▶ INFORMATION SHOWN:
▼▼▼

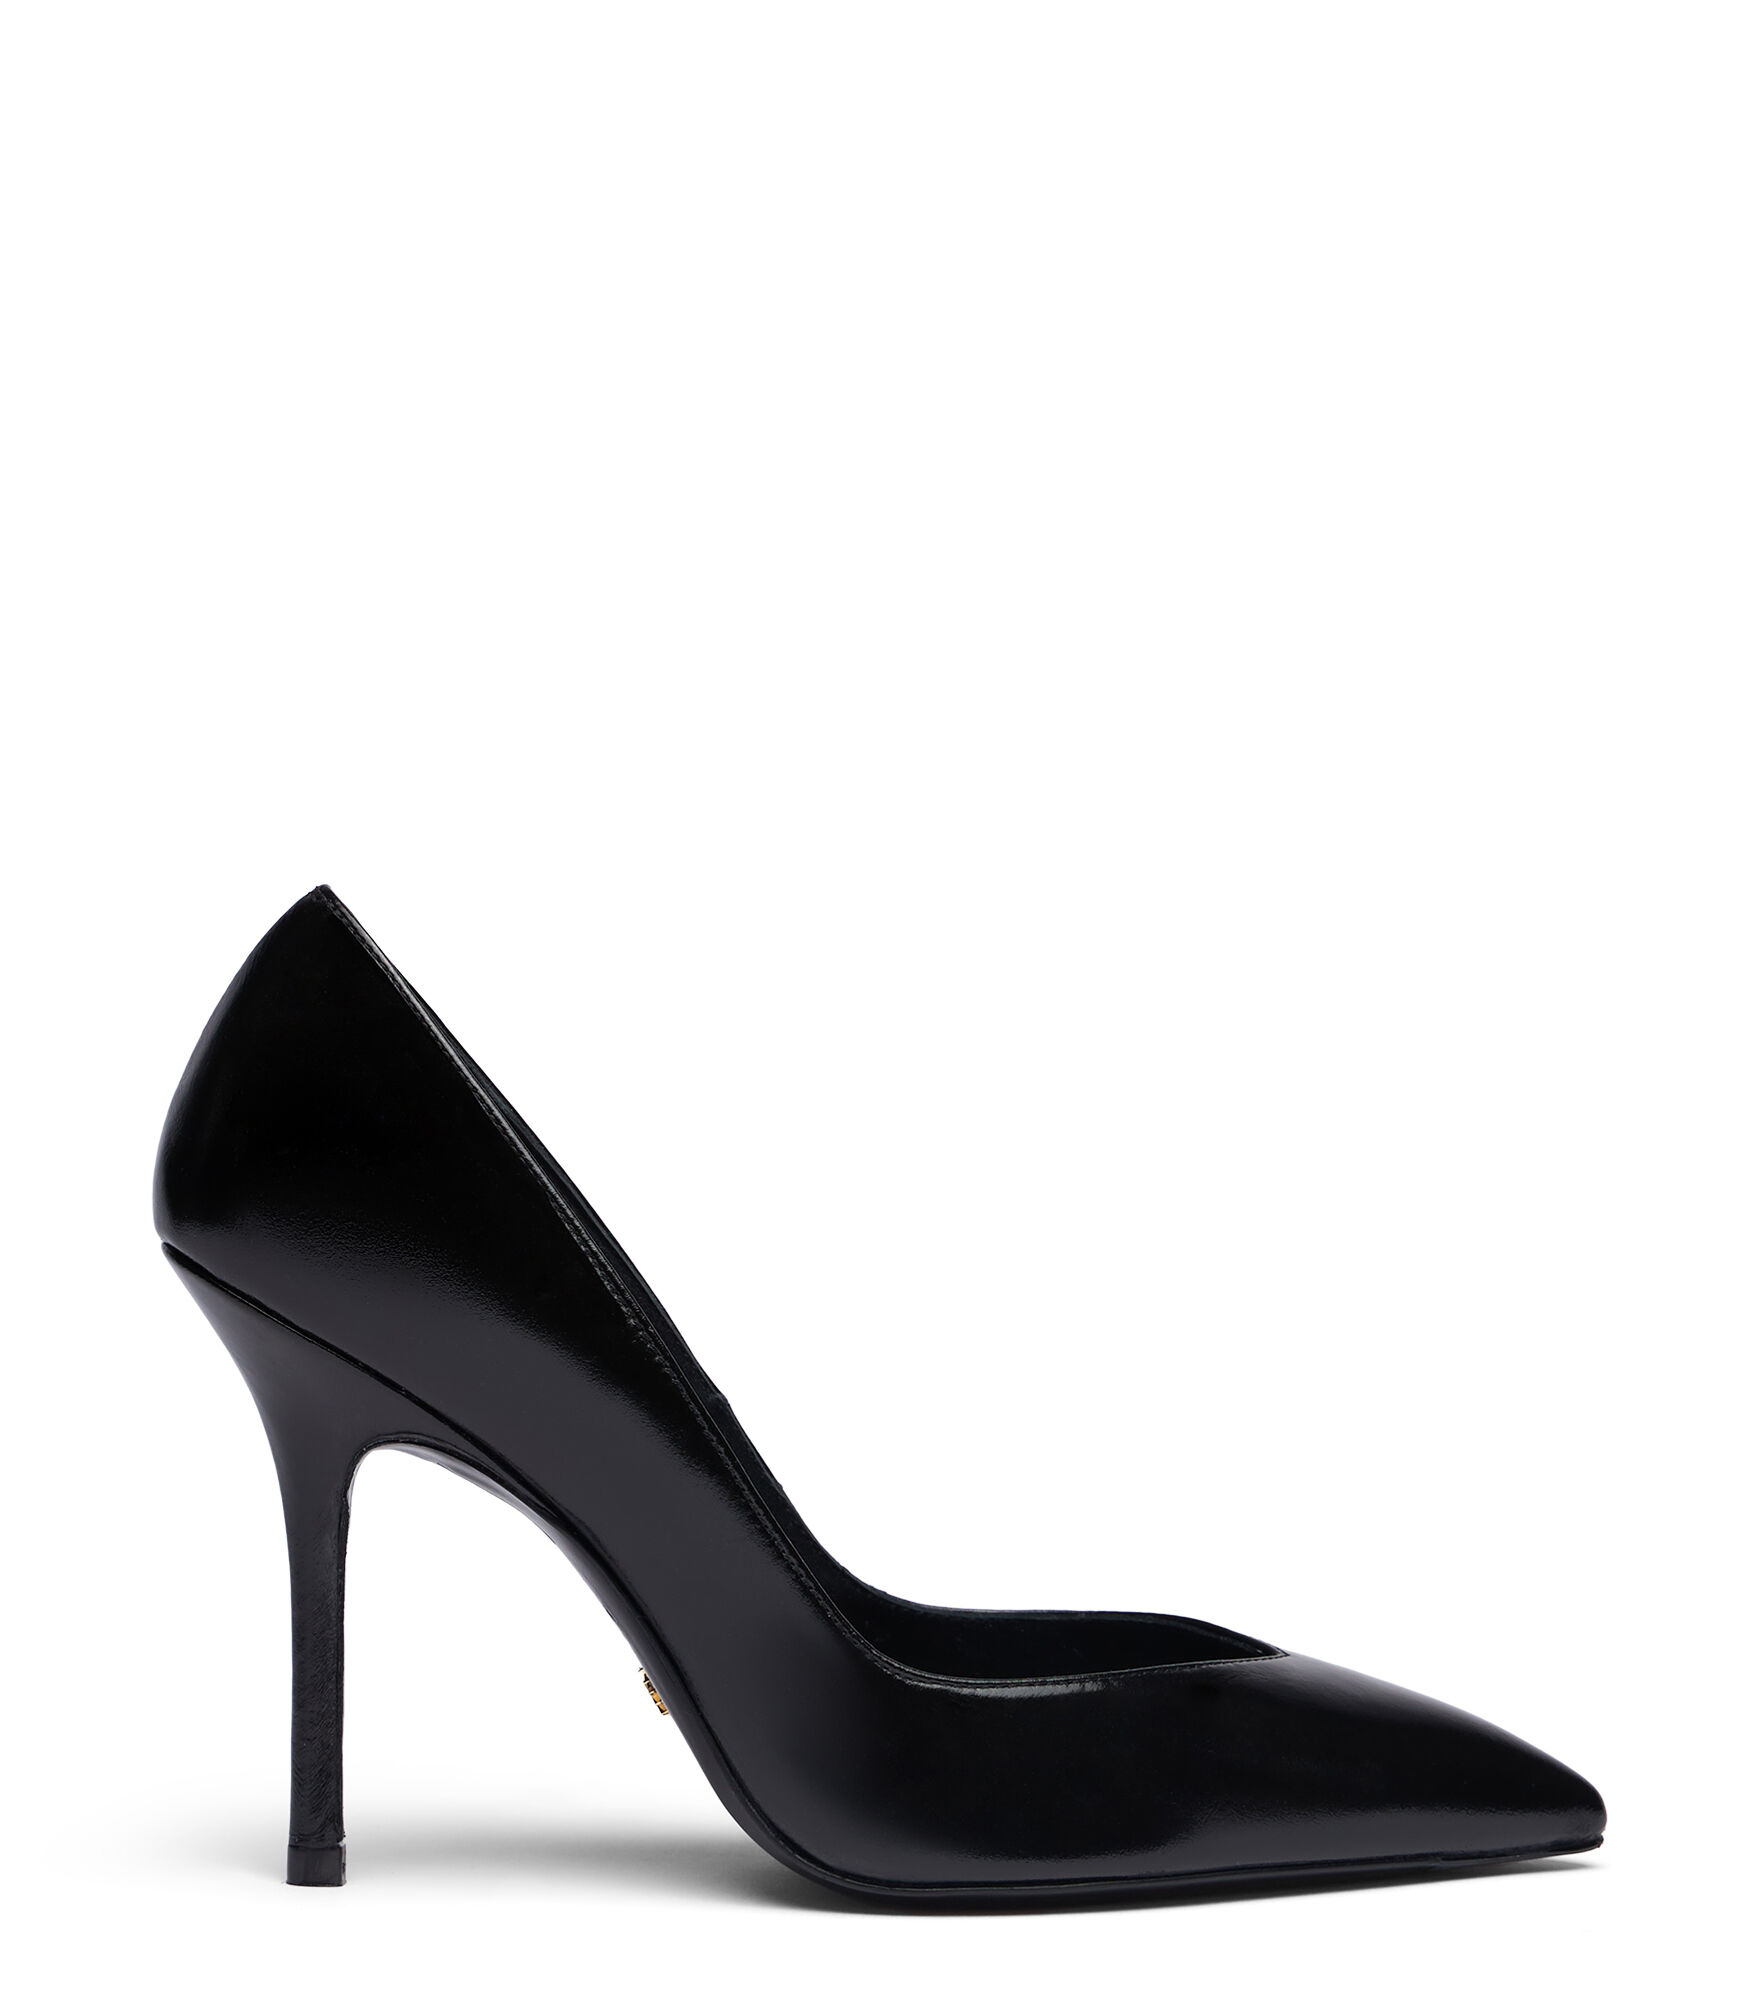 Women's Black Leather Pumps - Black Court Shoes | Stuart Weitzman®
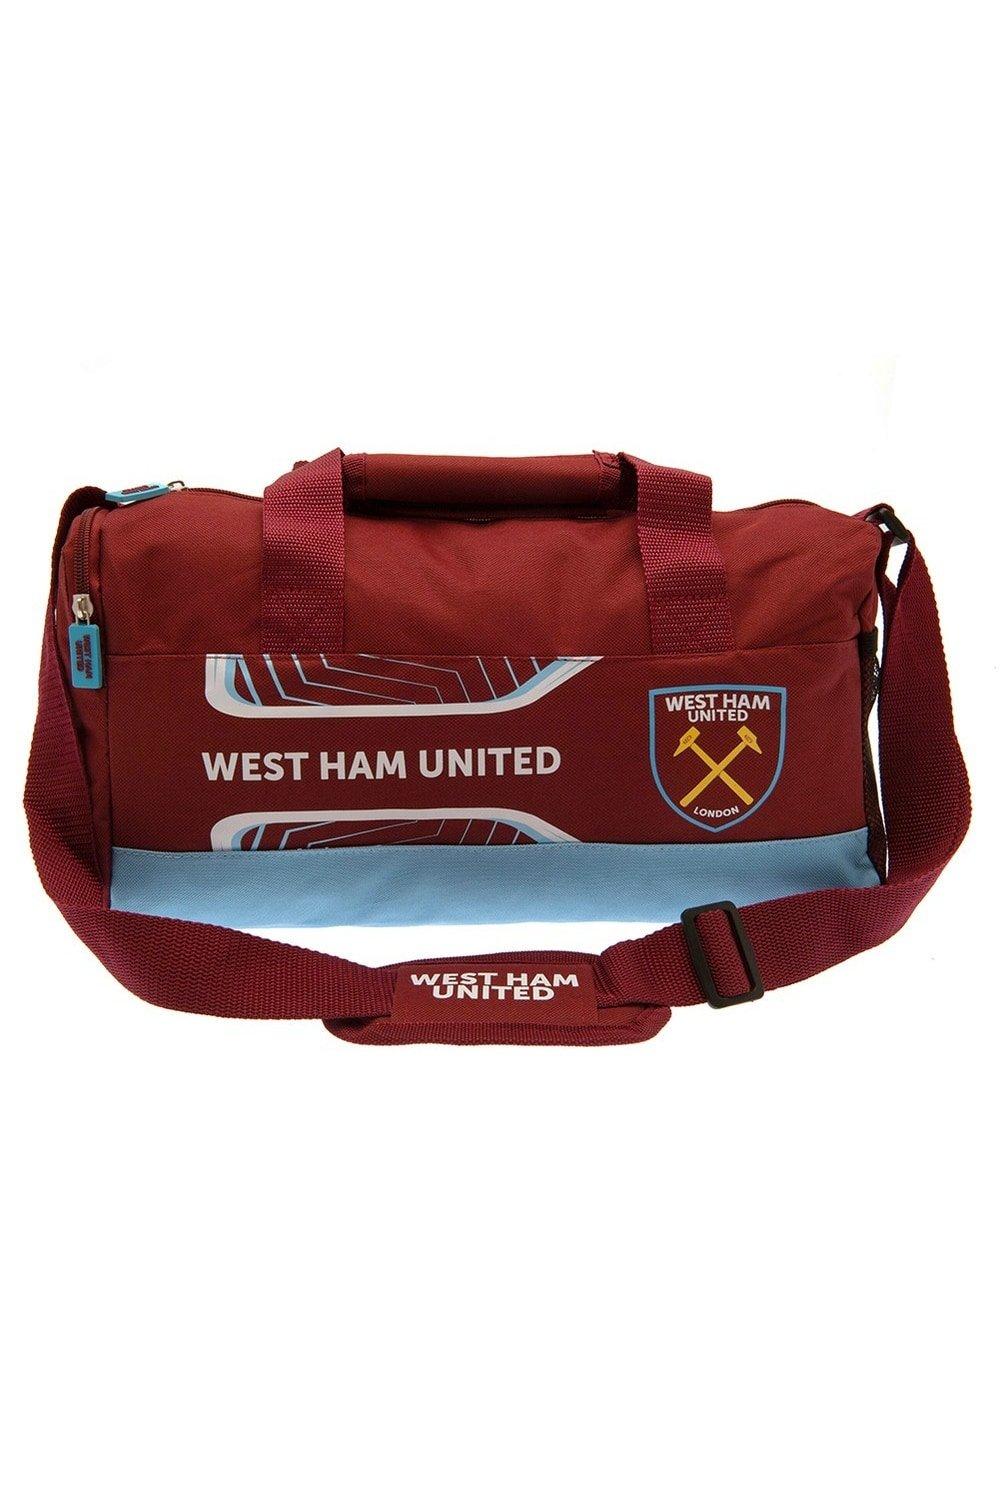 застежка молния для брюк и юбок длина 20см ширина 3 см Спортивная сумка Flash West Ham United FC, красный
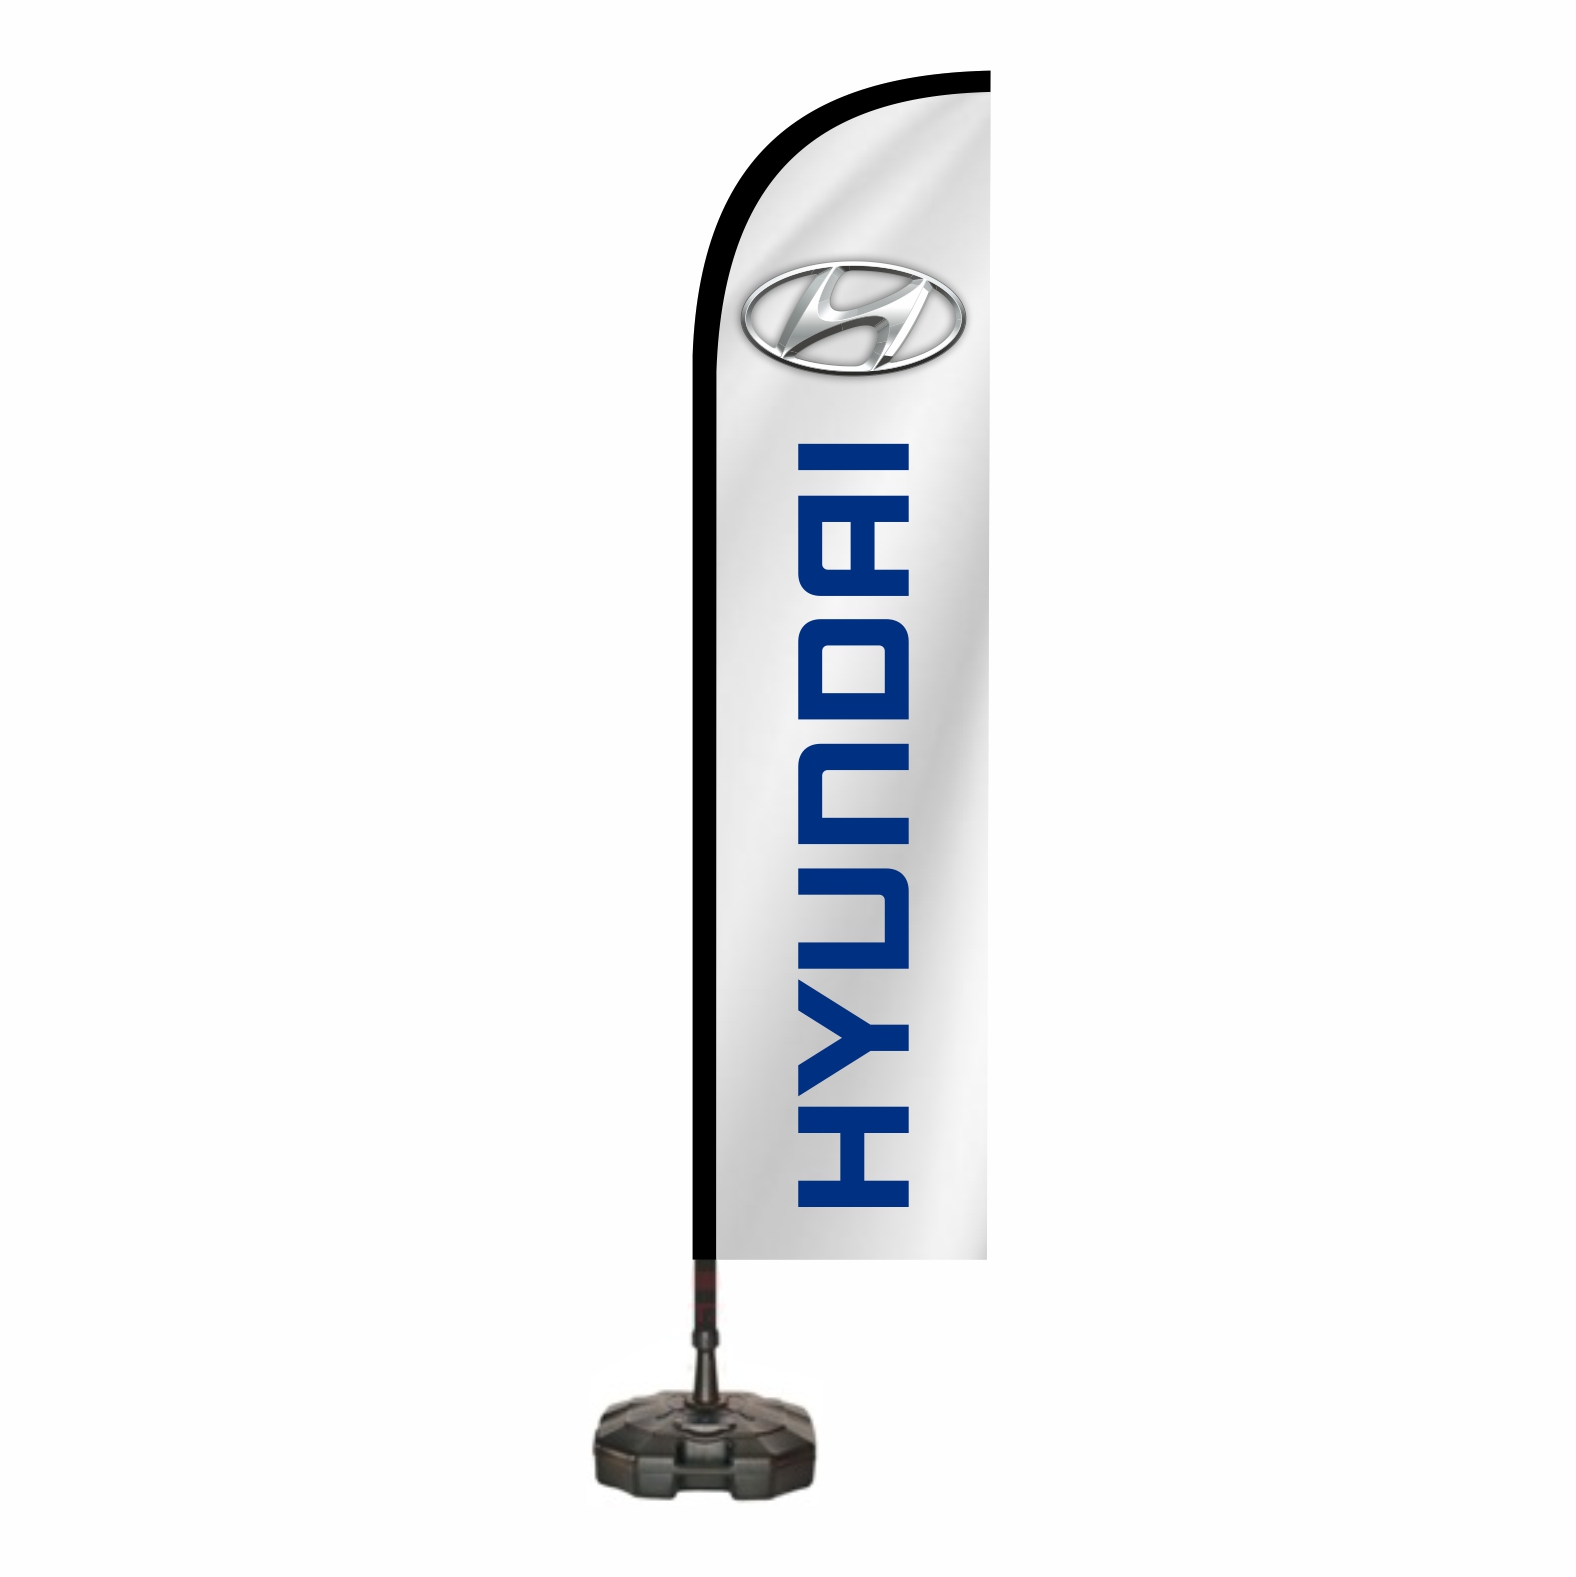 Hyundai Cadde Bayra nerede satlr
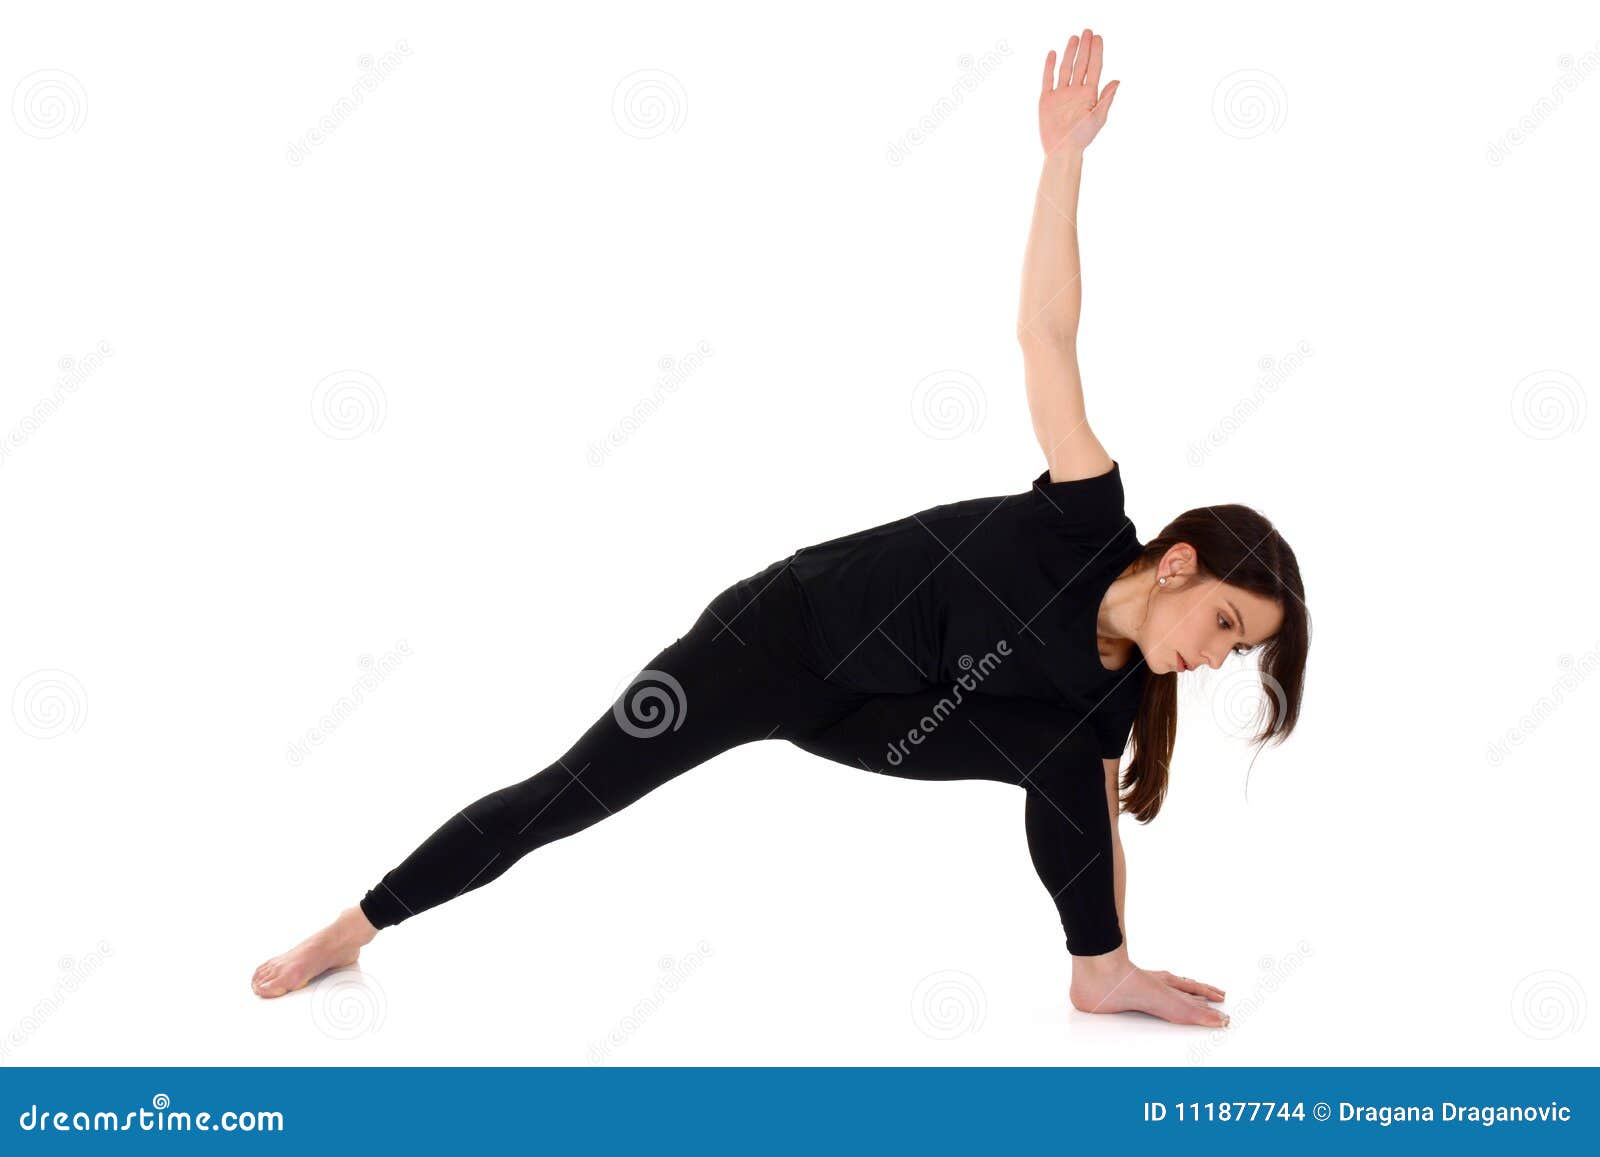 Utthita Parsvakonasana (Extended Side Angle) yoga pose - PixaHive

▲▲▲

▶ WORK INSTRUCTIONS: Repeat all the material exactly, but keep pictures out of the copy.

▶ RESPONSE TO THIS EXERCISE:
 Women's Black Leather Pumps - Black Court Shoes | Stuart Weitzman®
 застежка молния для брюк и юбок длина 20см ширина 3 см Спортивная сумка Flash West Ham United FC, красный
 Hyundai Cadde Bayra nerede satlr
 Utthita Parsvakonasana (Extended Side Angle) yoga pose - PixaHive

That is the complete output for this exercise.